____ Material to process
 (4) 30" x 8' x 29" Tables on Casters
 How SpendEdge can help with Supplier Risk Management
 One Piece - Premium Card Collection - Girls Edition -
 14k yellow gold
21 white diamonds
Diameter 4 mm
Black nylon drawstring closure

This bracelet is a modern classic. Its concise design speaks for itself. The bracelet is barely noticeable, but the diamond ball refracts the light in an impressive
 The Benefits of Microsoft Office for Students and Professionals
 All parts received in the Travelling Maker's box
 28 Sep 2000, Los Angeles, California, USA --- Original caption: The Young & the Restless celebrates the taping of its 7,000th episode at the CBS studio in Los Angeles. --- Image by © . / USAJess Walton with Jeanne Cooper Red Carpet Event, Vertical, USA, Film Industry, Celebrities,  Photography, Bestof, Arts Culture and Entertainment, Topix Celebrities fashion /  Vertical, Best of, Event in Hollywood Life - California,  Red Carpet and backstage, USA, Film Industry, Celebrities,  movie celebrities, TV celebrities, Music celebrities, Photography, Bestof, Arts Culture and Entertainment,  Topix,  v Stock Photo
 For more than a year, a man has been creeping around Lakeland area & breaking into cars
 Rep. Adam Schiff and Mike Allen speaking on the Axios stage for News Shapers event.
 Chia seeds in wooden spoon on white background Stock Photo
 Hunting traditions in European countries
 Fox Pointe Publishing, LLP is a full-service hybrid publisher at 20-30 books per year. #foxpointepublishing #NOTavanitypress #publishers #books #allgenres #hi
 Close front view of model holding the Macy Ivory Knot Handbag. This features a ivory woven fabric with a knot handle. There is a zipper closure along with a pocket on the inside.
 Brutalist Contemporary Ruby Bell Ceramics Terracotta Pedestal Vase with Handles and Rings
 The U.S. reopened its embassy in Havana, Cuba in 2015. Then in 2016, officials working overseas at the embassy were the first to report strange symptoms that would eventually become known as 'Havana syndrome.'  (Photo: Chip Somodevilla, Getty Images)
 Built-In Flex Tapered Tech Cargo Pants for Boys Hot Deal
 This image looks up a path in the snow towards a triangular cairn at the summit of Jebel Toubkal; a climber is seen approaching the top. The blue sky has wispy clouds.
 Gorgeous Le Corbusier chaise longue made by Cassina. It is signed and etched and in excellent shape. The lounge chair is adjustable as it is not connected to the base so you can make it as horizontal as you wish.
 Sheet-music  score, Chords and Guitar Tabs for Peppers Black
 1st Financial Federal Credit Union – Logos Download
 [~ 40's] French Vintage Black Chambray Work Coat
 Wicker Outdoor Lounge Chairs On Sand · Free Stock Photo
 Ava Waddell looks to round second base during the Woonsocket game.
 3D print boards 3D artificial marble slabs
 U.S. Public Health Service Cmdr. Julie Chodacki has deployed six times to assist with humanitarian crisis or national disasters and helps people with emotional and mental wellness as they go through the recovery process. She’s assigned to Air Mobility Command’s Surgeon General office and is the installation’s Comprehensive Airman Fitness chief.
________
__Work to be completed__
The line above containing "Close front view", the line containing "Built-In Flex Tapered", and every line between them are to be transcribed exactly; no other line is wanted.

__Result for this task__
 Close front view of model holding the Macy Ivory Knot Handbag. This features a ivory woven fabric with a knot handle. There is a zipper closure along with a pocket on the inside.
 Brutalist Contemporary Ruby Bell Ceramics Terracotta Pedestal Vase with Handles and Rings
 The U.S. reopened its embassy in Havana, Cuba in 2015. Then in 2016, officials working overseas at the embassy were the first to report strange symptoms that would eventually become known as 'Havana syndrome.'  (Photo: Chip Somodevilla, Getty Images)
 Built-In Flex Tapered Tech Cargo Pants for Boys Hot Deal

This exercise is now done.